To fit a specific theoretical model, we can use the `fit` function with the
model as the first argument:

```{julia}
GeoStatsFunctions.fit(SphericalVariogram, g)
```

We can also let the framework select the model with minimum weighted least-squares
error by passing the generic `Variogram` model to the function:

```{julia}
γ = GeoStatsFunctions.fit(Variogram, g)
```

## Remarks

This chapter is definitely one of the most challenging ones for those with little
background in geostatistics. Let's make a few important remarks to summarize what
we learned:

- Geospatial correlation can be represented with different functions, including
  the **correlogram**, the **covariance** and the **variogram** functions. Among
  these functions the variogram is the most general and easy to interpret as a
  measure of "spread" in the `hscatter` plot.
- The variogram value $\gamma(h)$ represents the expected variation of a variable
  that is $h$ units of distance from a reference point. It usually starts at
  $\gamma(0) = 0$, reaches a **sill** value $\sigma^2$ near the **range** and
  stays at this value as $h \to \infty$.
- The selection of an appropriate theoretical variogram model for interpolation of
  geospatial data is often based on a two-step procedure.

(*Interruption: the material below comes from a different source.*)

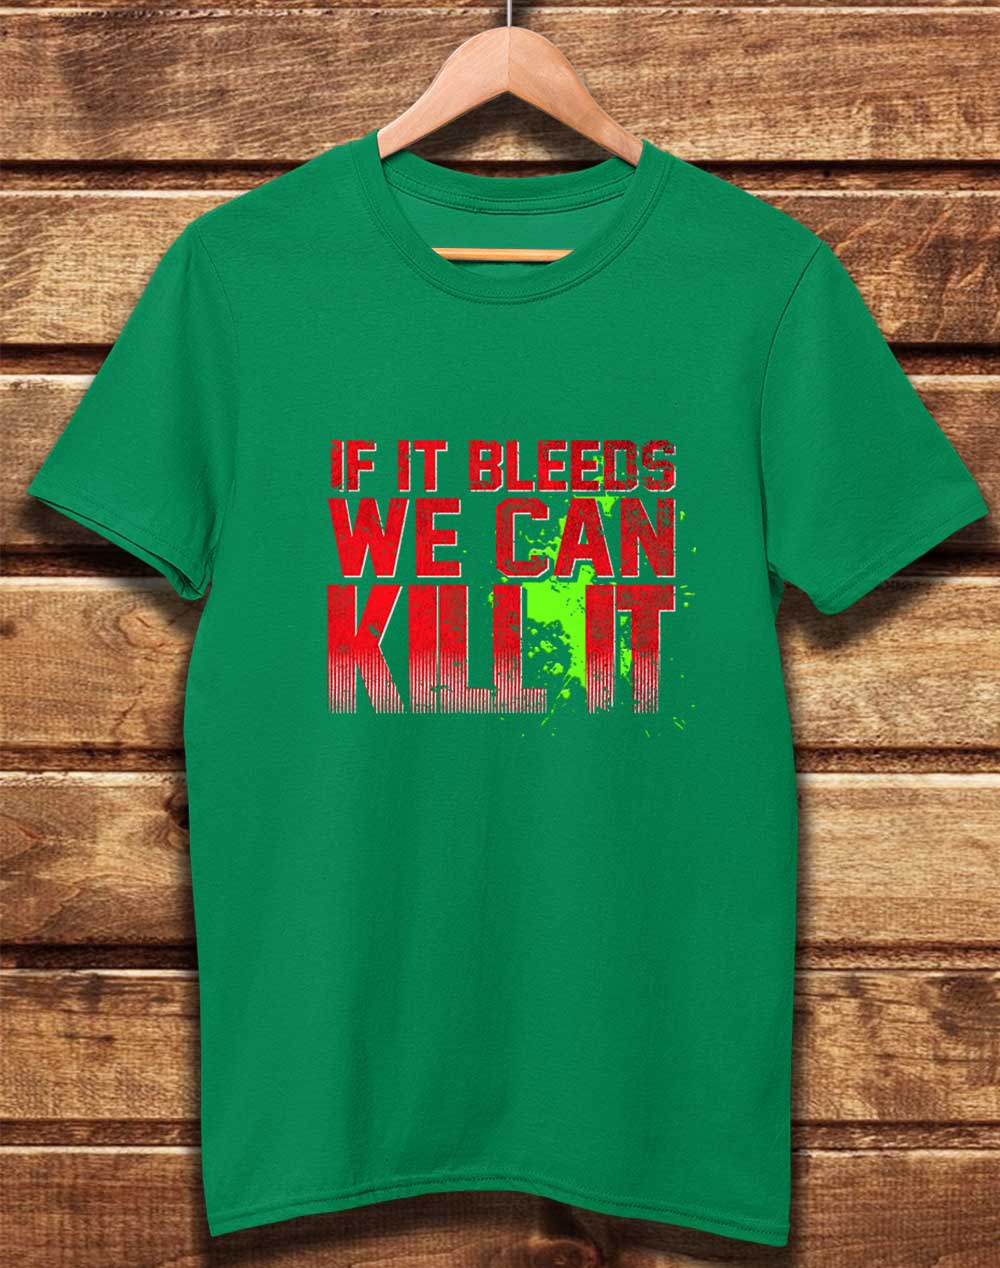 Kelly Green - DELUXE If It Bleeds We Can Kill It Organic Cotton T-Shirt
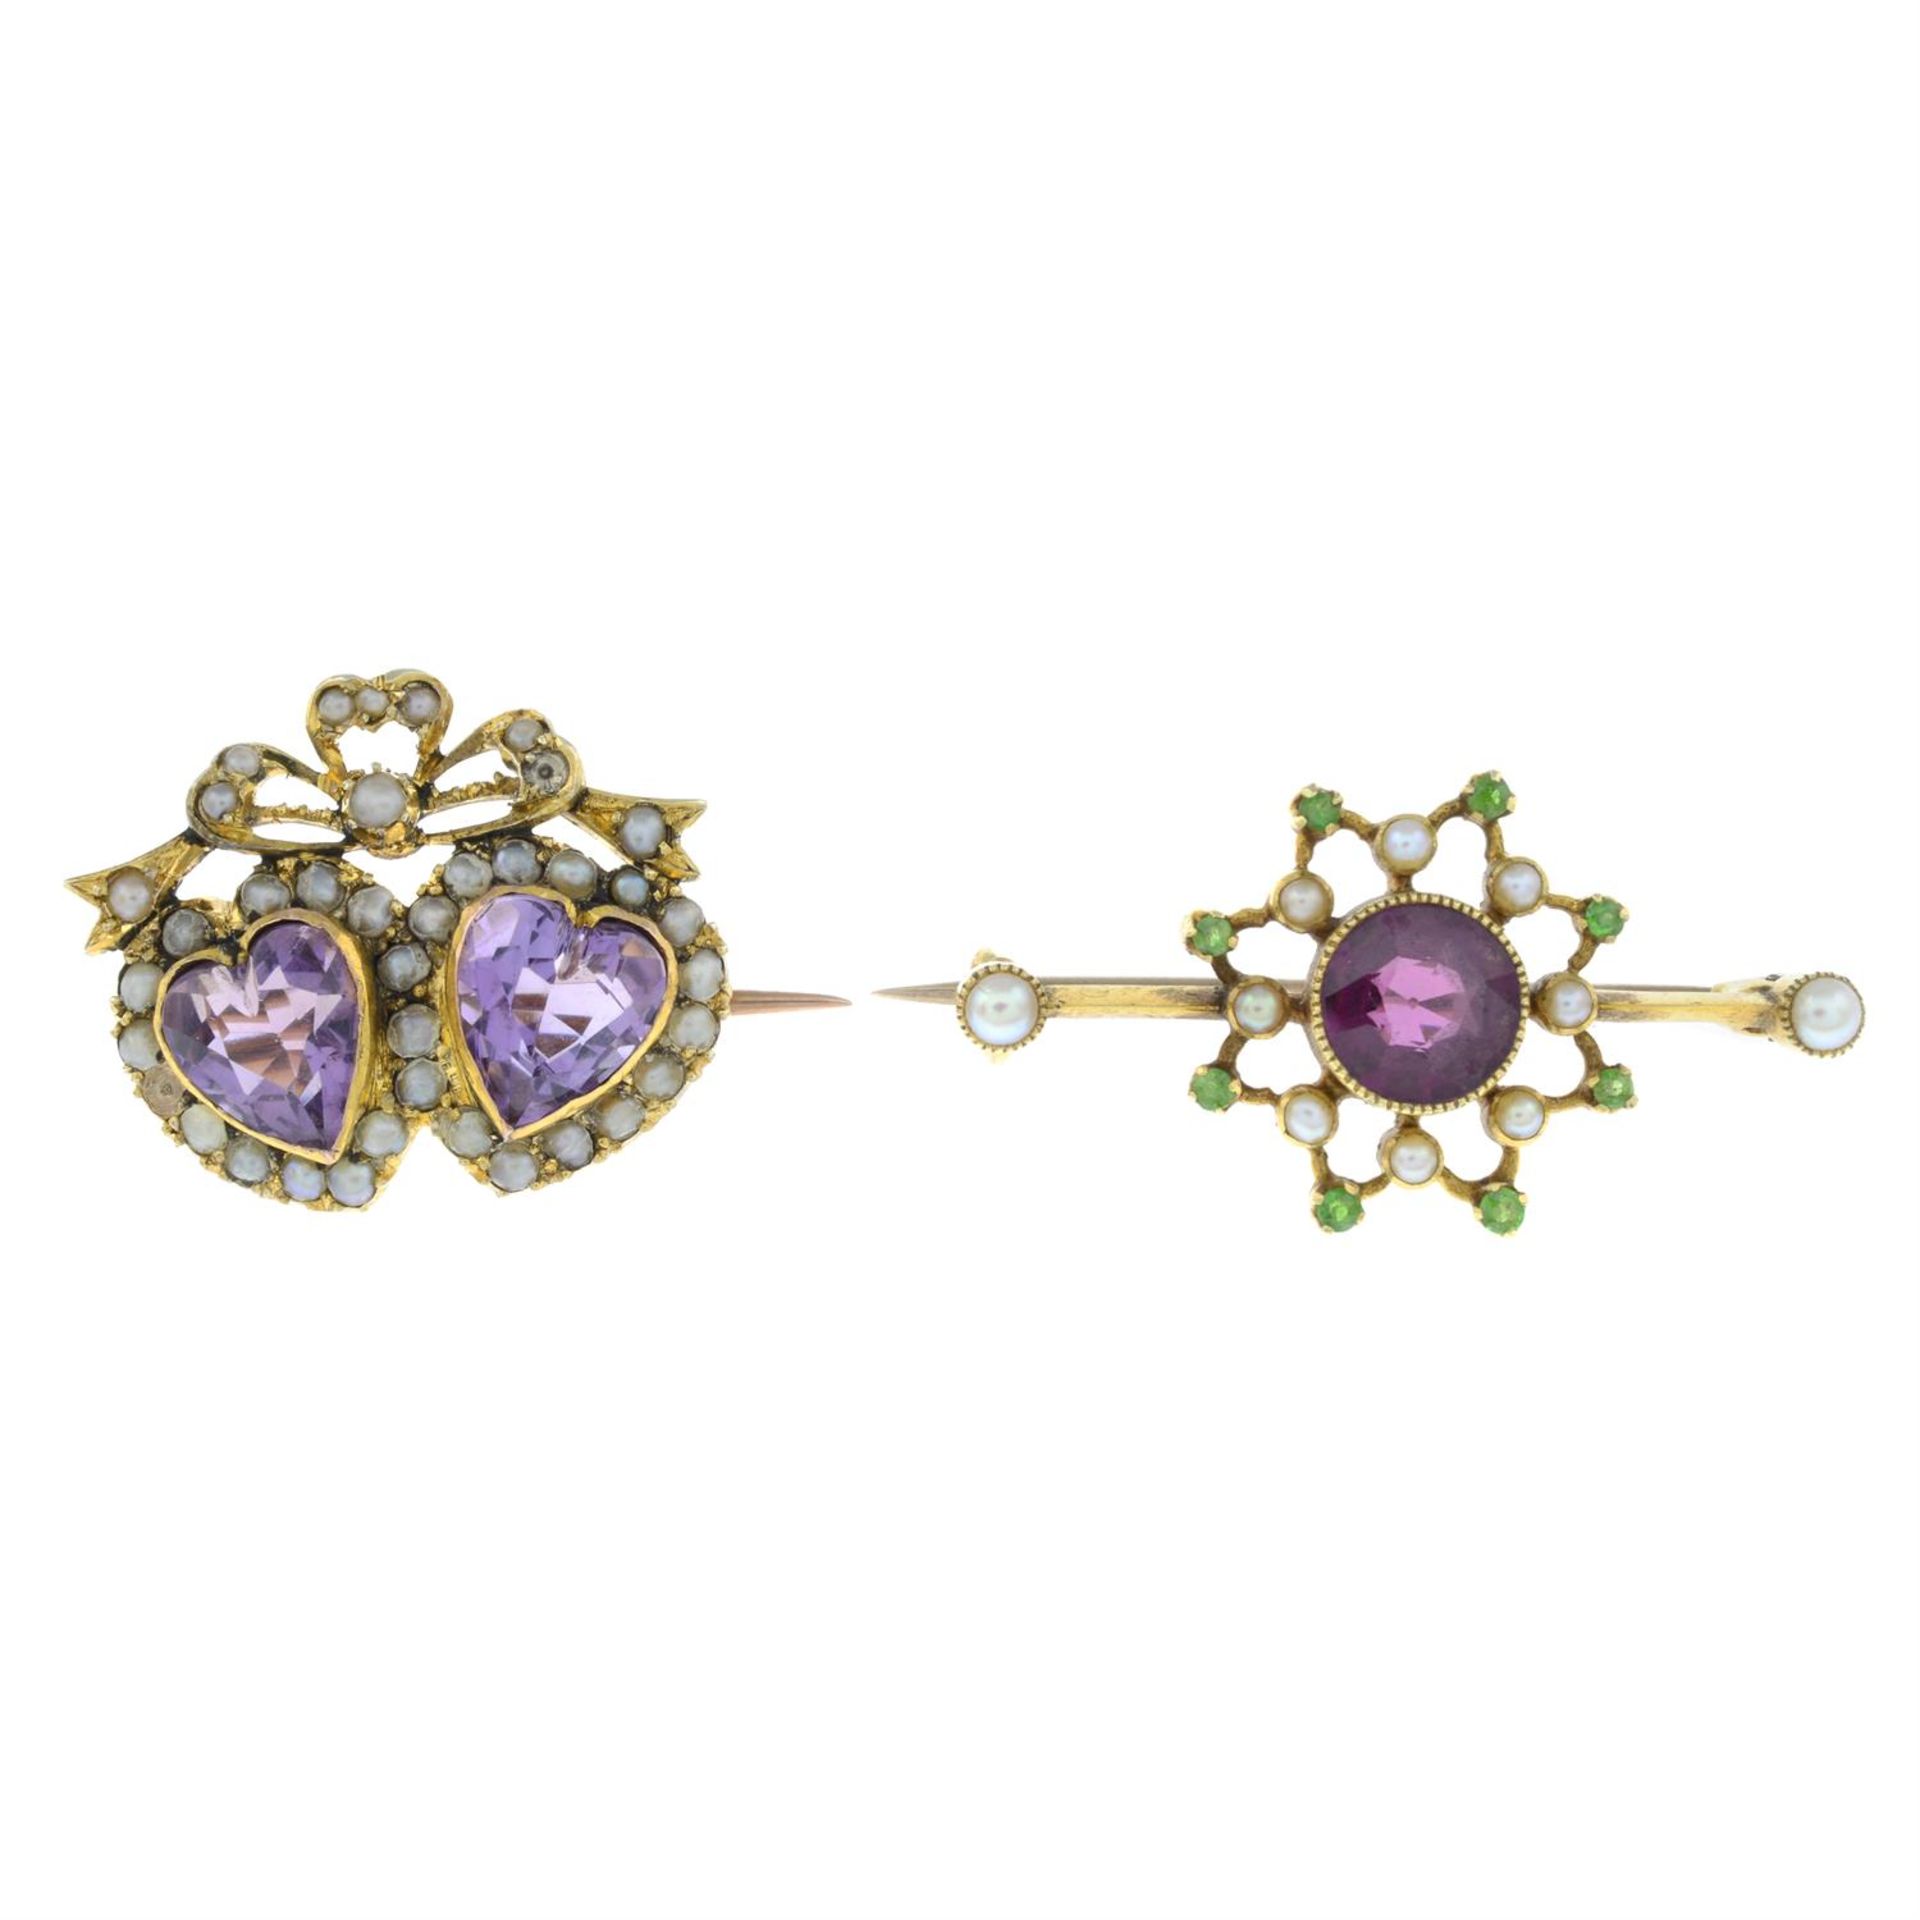 Two early 20th century gem-set brooches.

First, we estimate the
  `EmpiricalVariogram`, and then we `fit` a theoretical model. The most widely
  used models are the `GaussianVariogram`, the `SphericalVariogram` and the
  `ExponentialVariogram`.

In the next chapter, we will learn how to perform **geospatial interpolation** with
the selected theoretical variogram model.